* **Information supplied**:
---*---
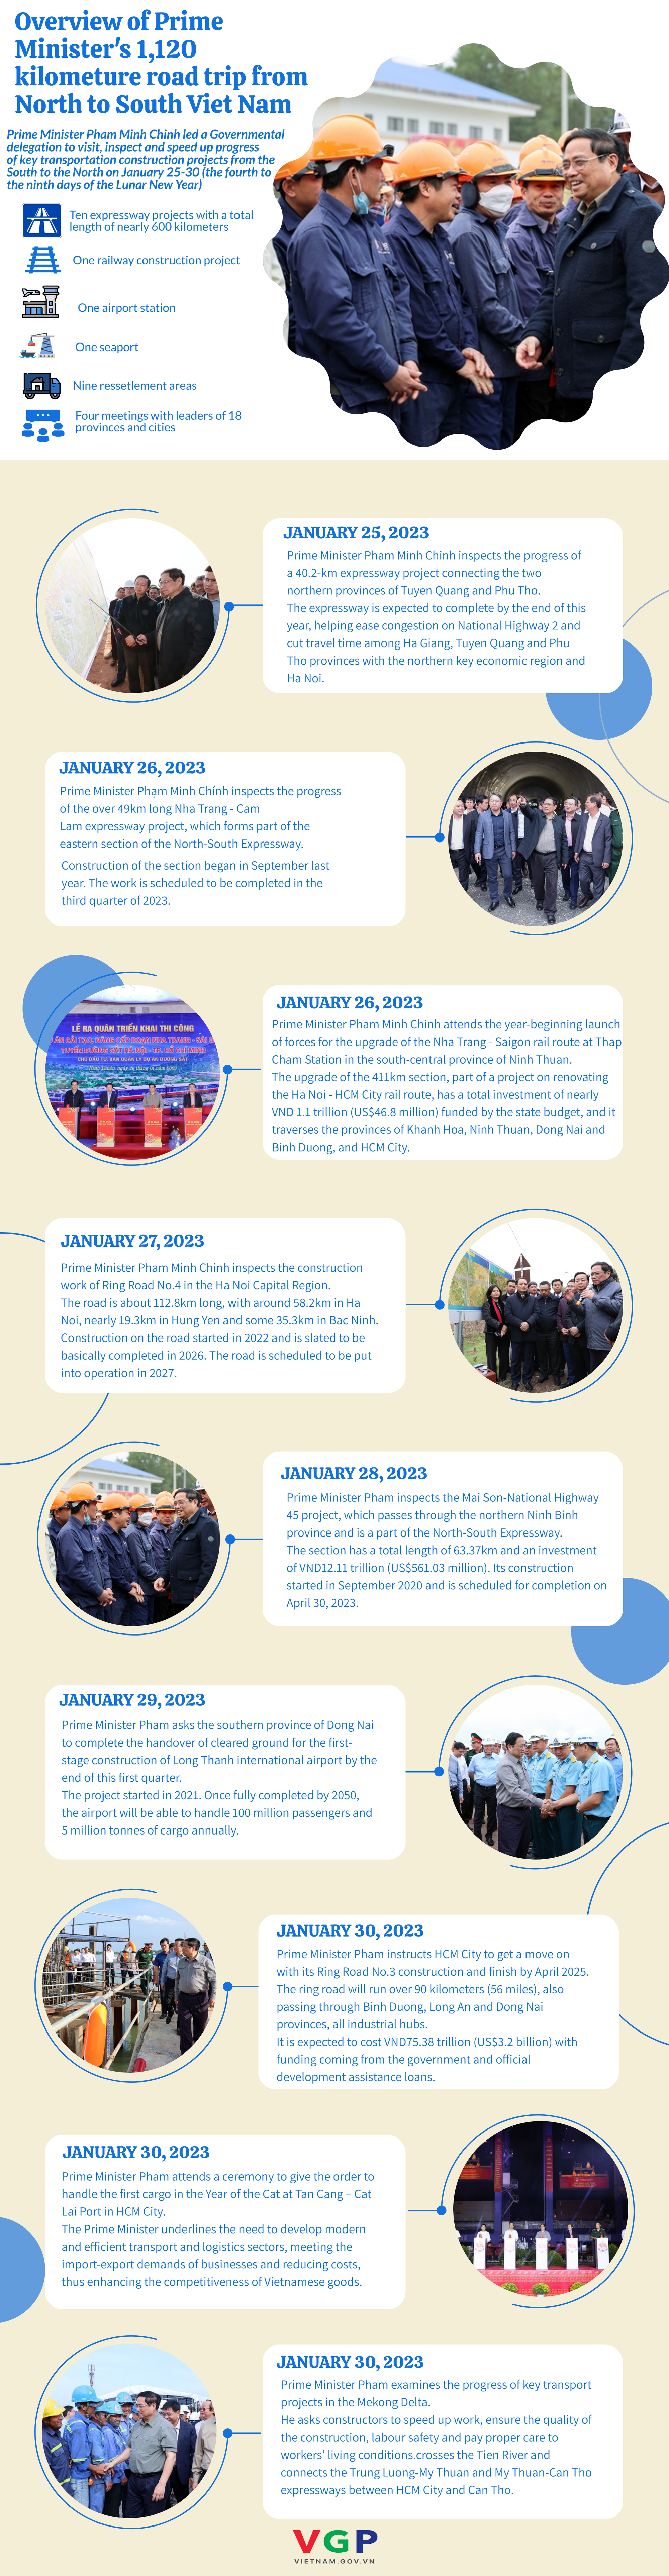 Timeline of Prime Minister's Spring tour  - Ảnh 1.
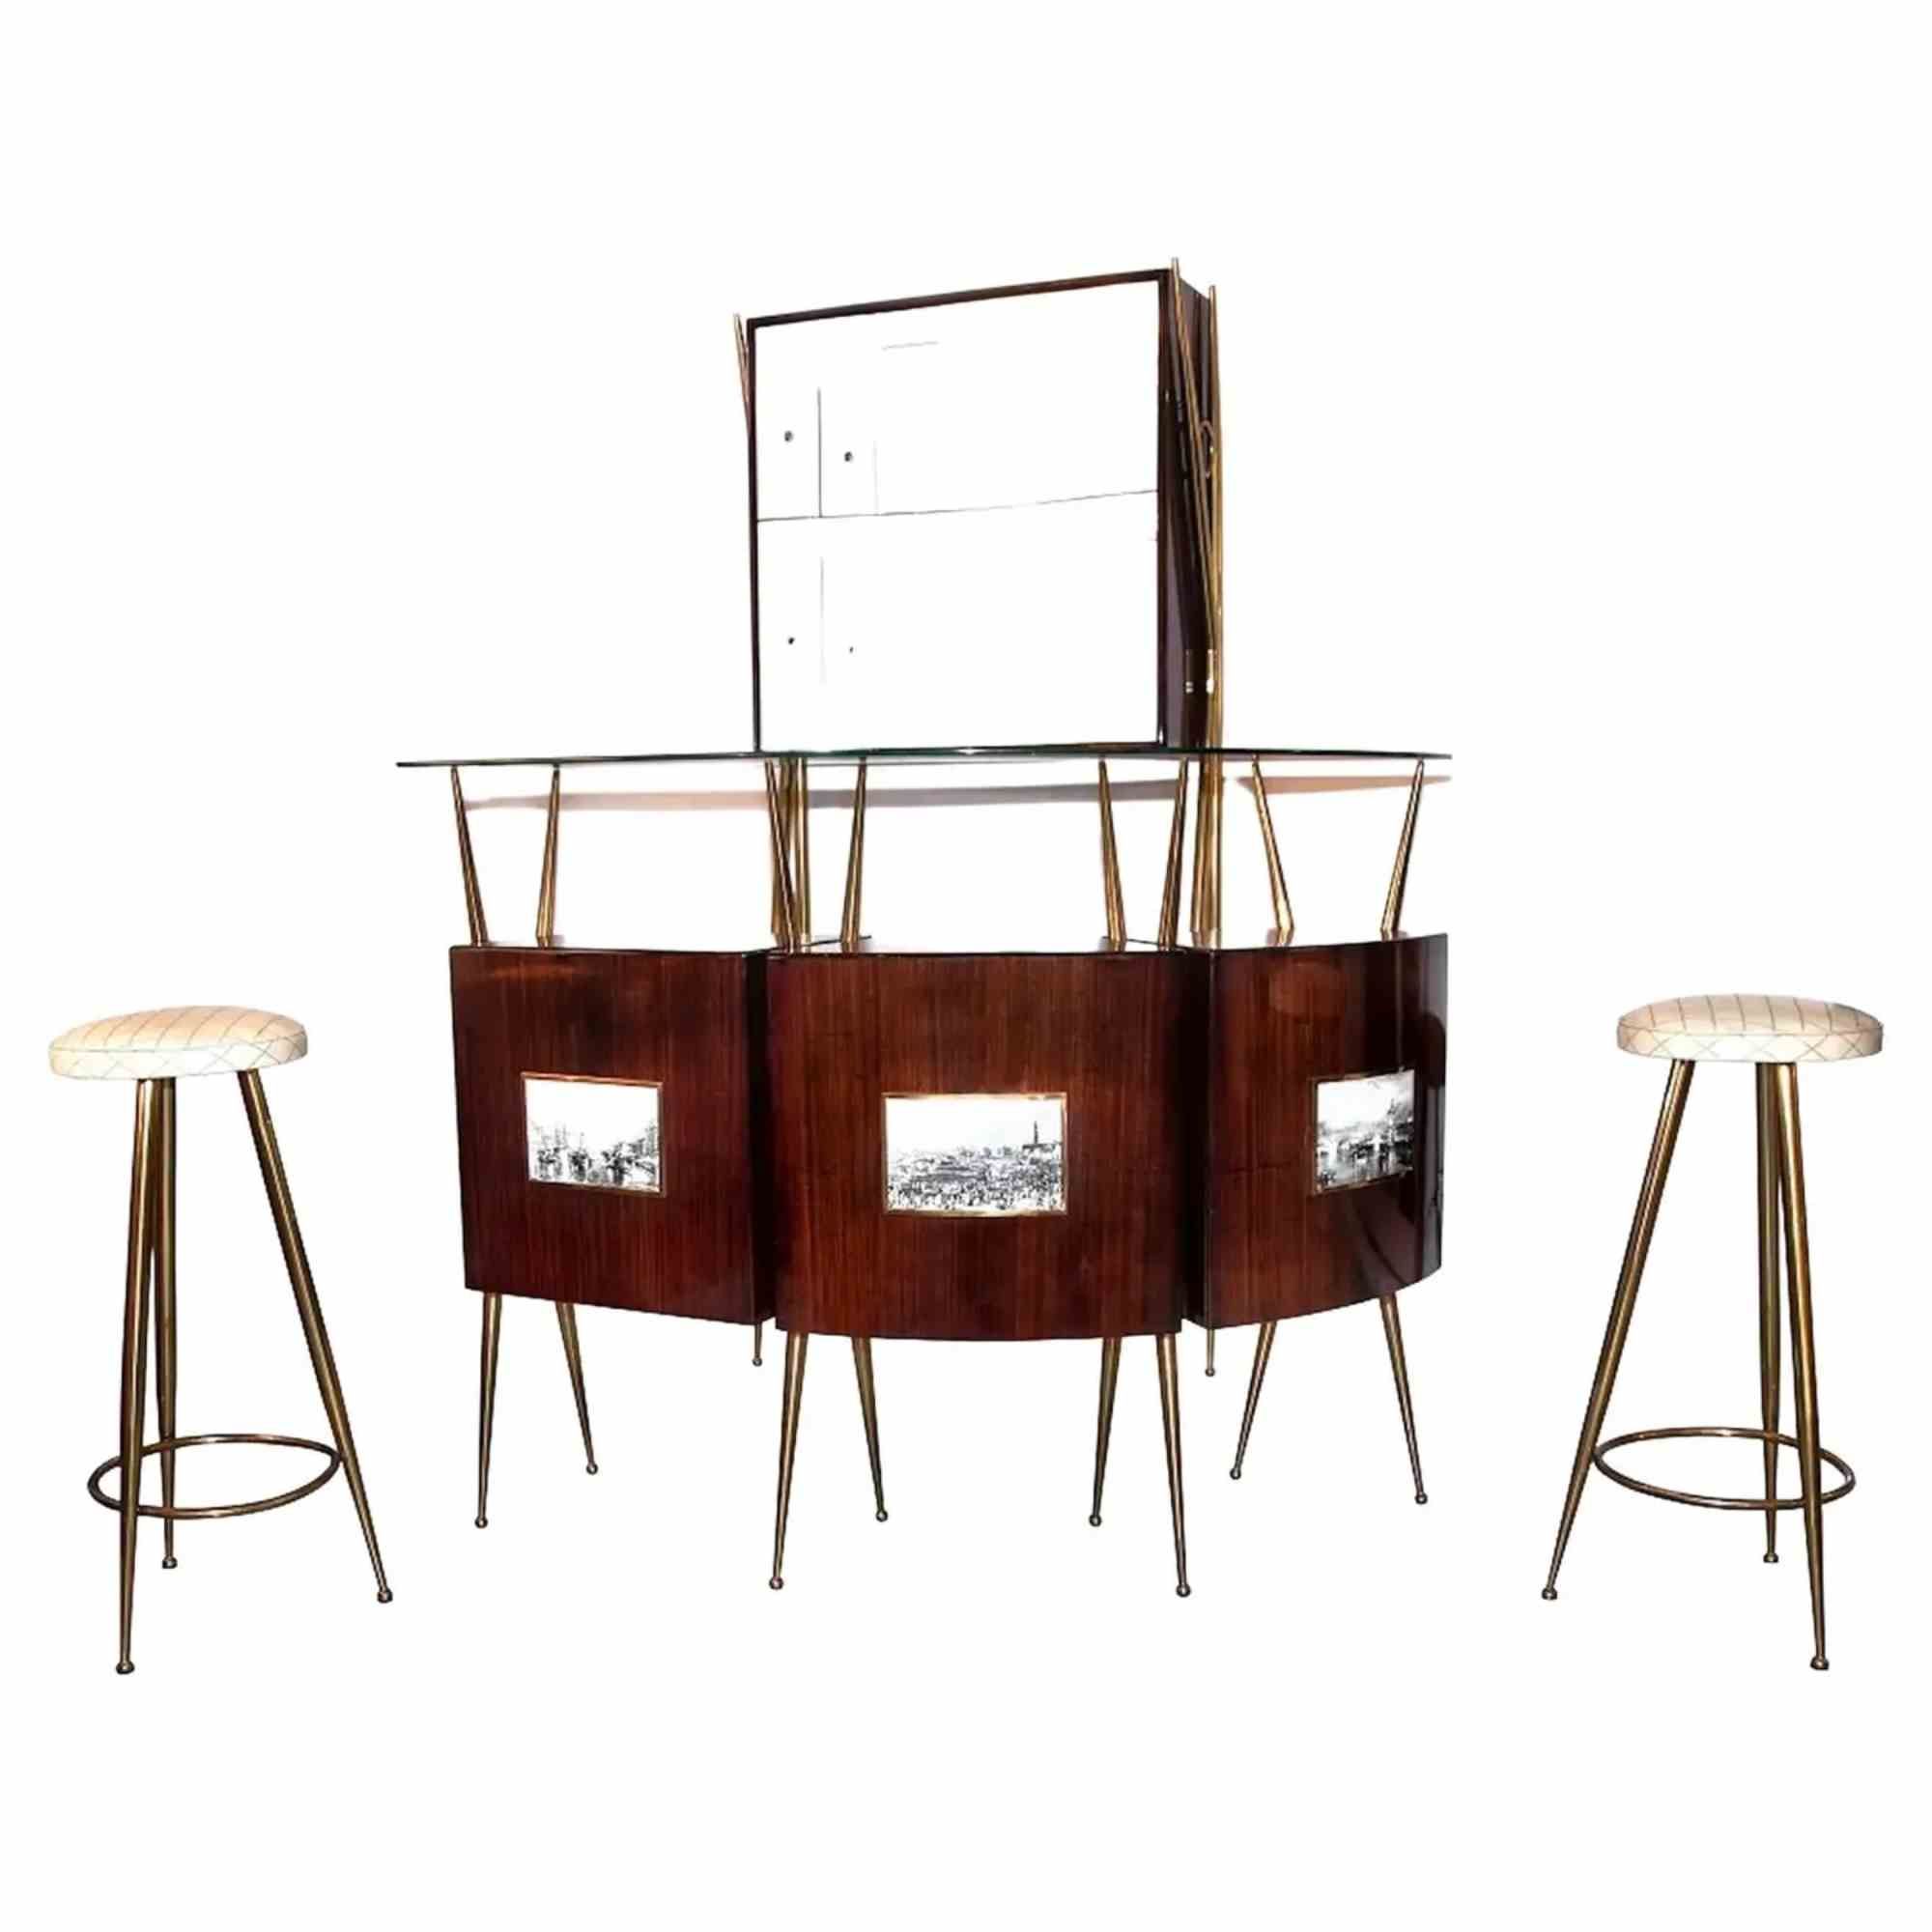 Vintage Italian Dry Bar, contemporary furniture by Gio Ponti
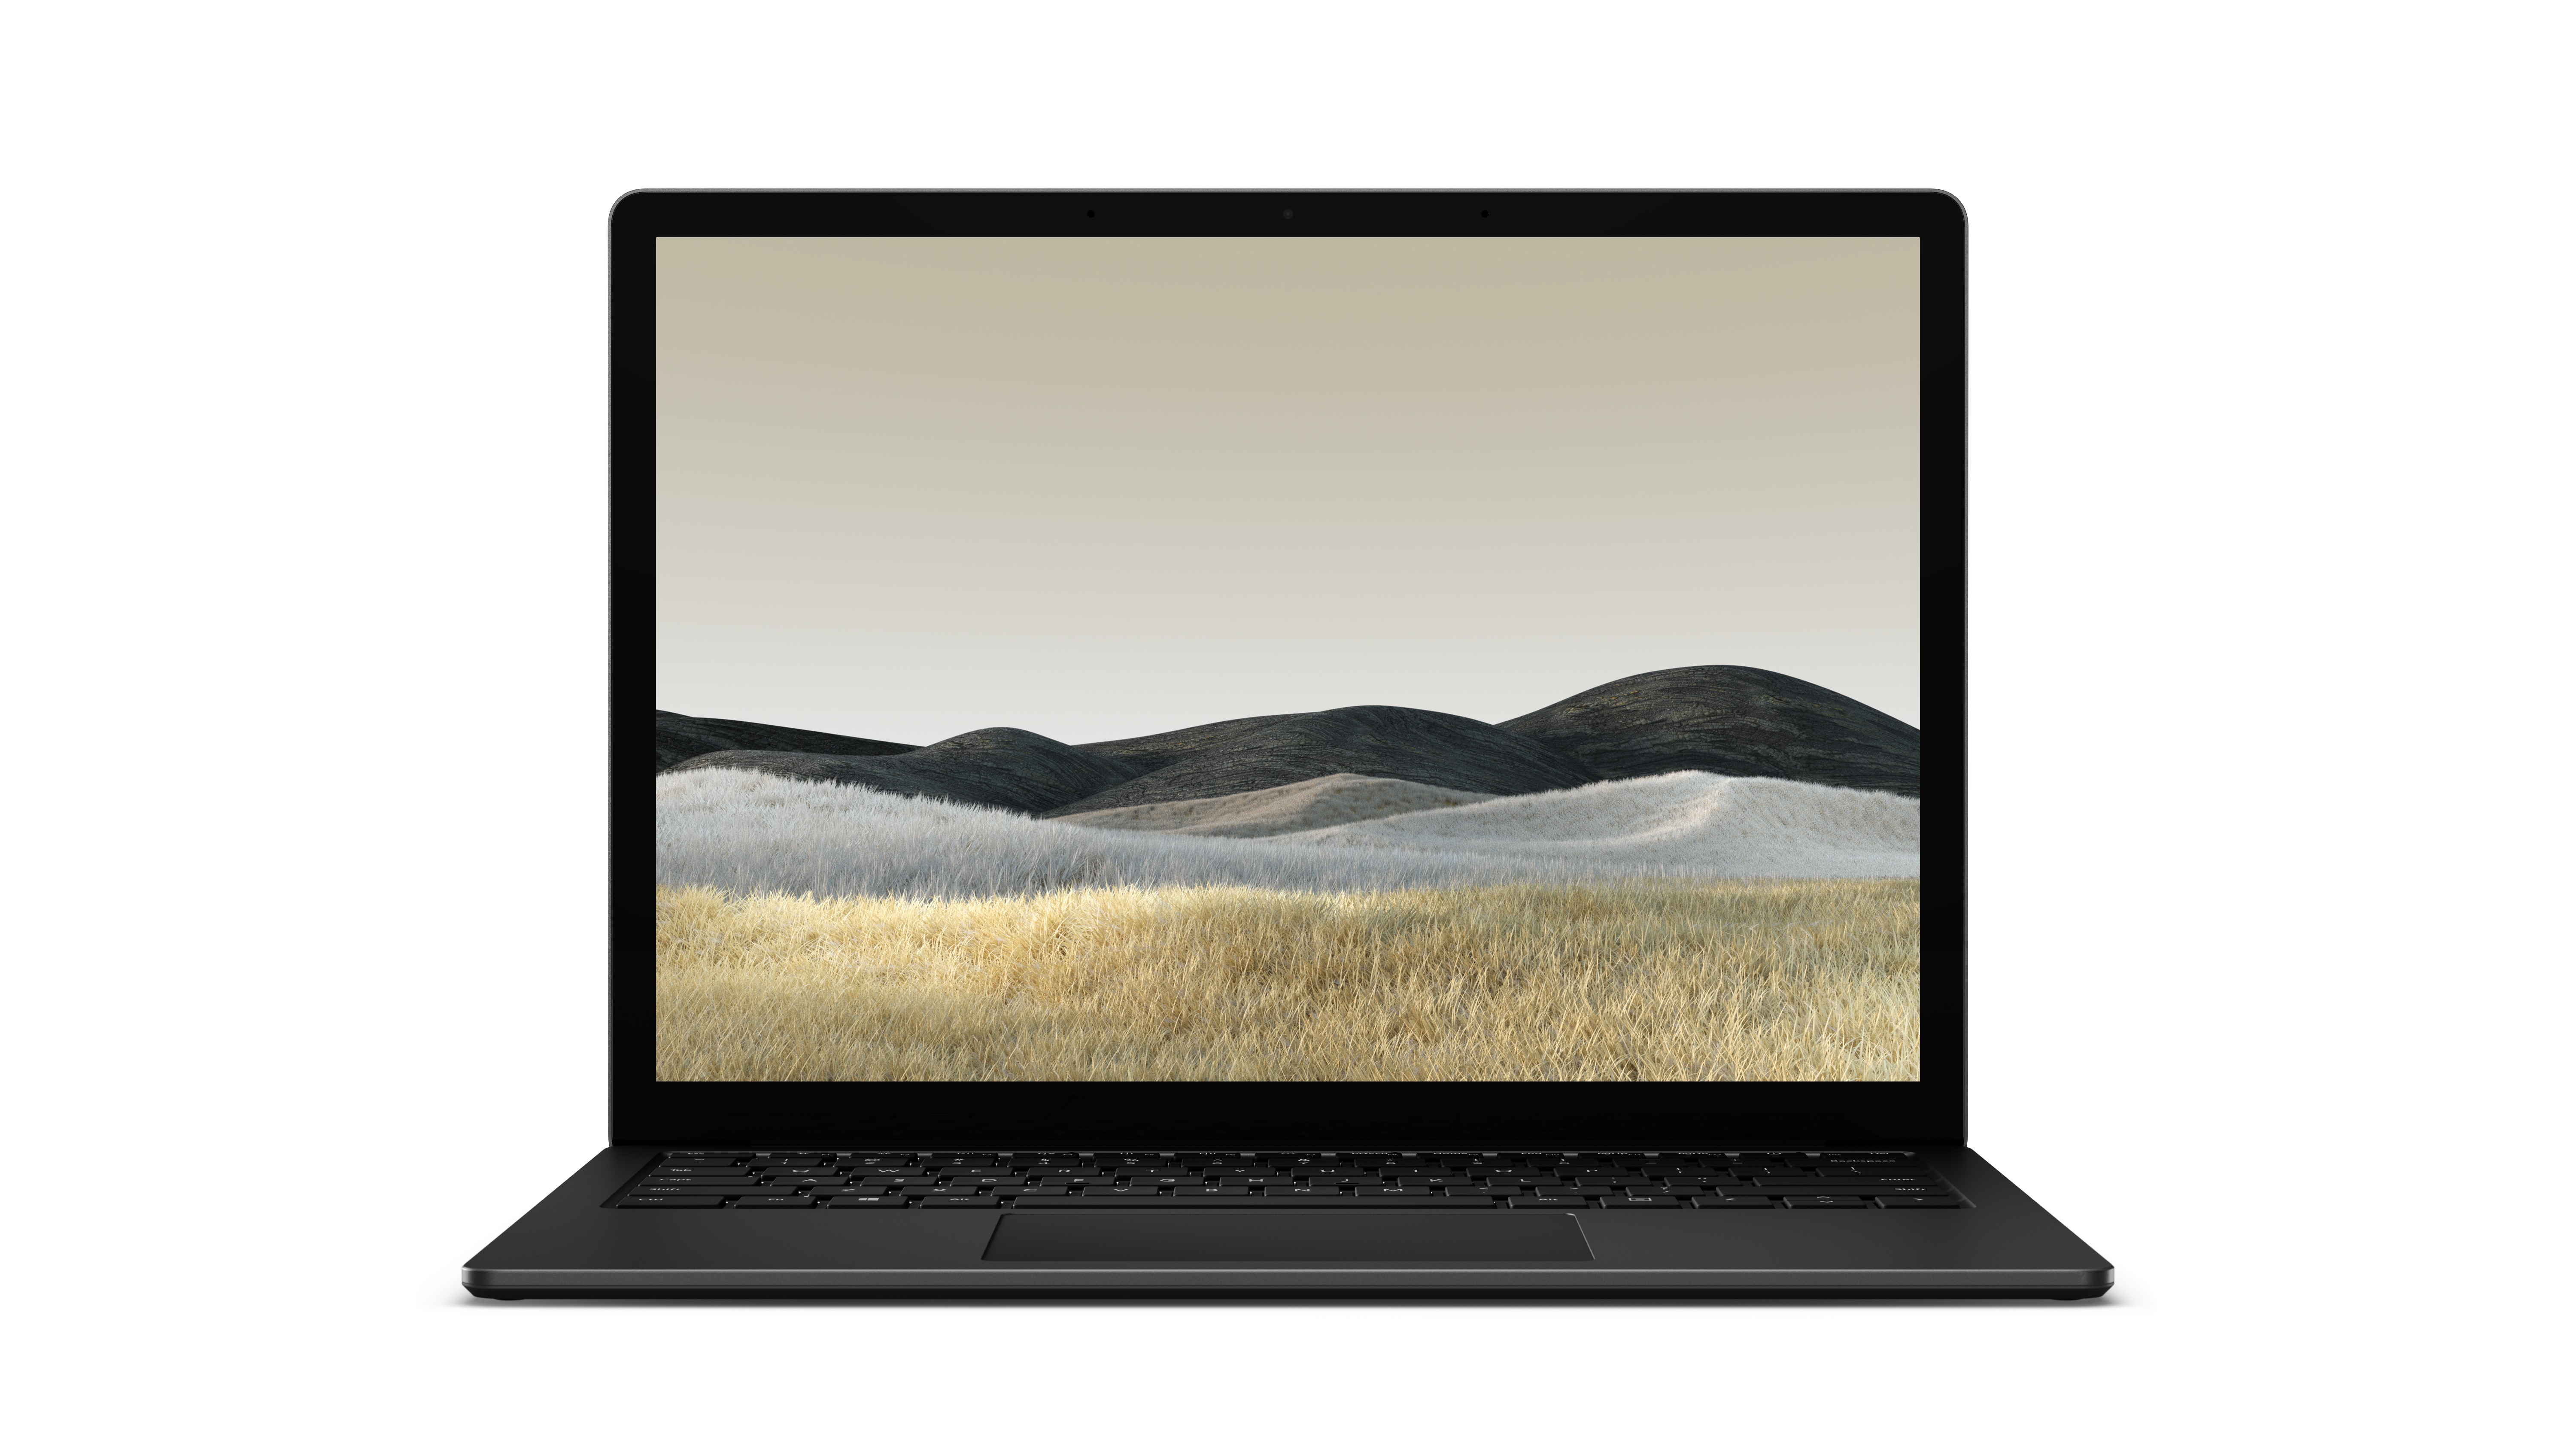 Microsoft Surface Laptop 3, 13.5" Touch-Screen, Intel Core i7-1035G7, 16GB Memory, 256GB SSD, Iris Plus Graphics 950, Windows 10 Home, Matte Black, VEF-00022 - image 2 of 6
---*---
* **What the task requires**: Exact copies of the lines from the one containing "Vintage Italian Dry" through the final line of the data are required; pictures are to be omitted.

* **Solution for this problem**:
 Vintage Italian Dry Bar, contemporary furniture by Gio Ponti
 Microsoft Surface Laptop 3, 13.5" Touch-Screen, Intel Core i7-1035G7, 16GB Memory, 256GB SSD, Iris Plus Graphics 950, Windows 10 Home, Matte Black, VEF-00022 - image 2 of 6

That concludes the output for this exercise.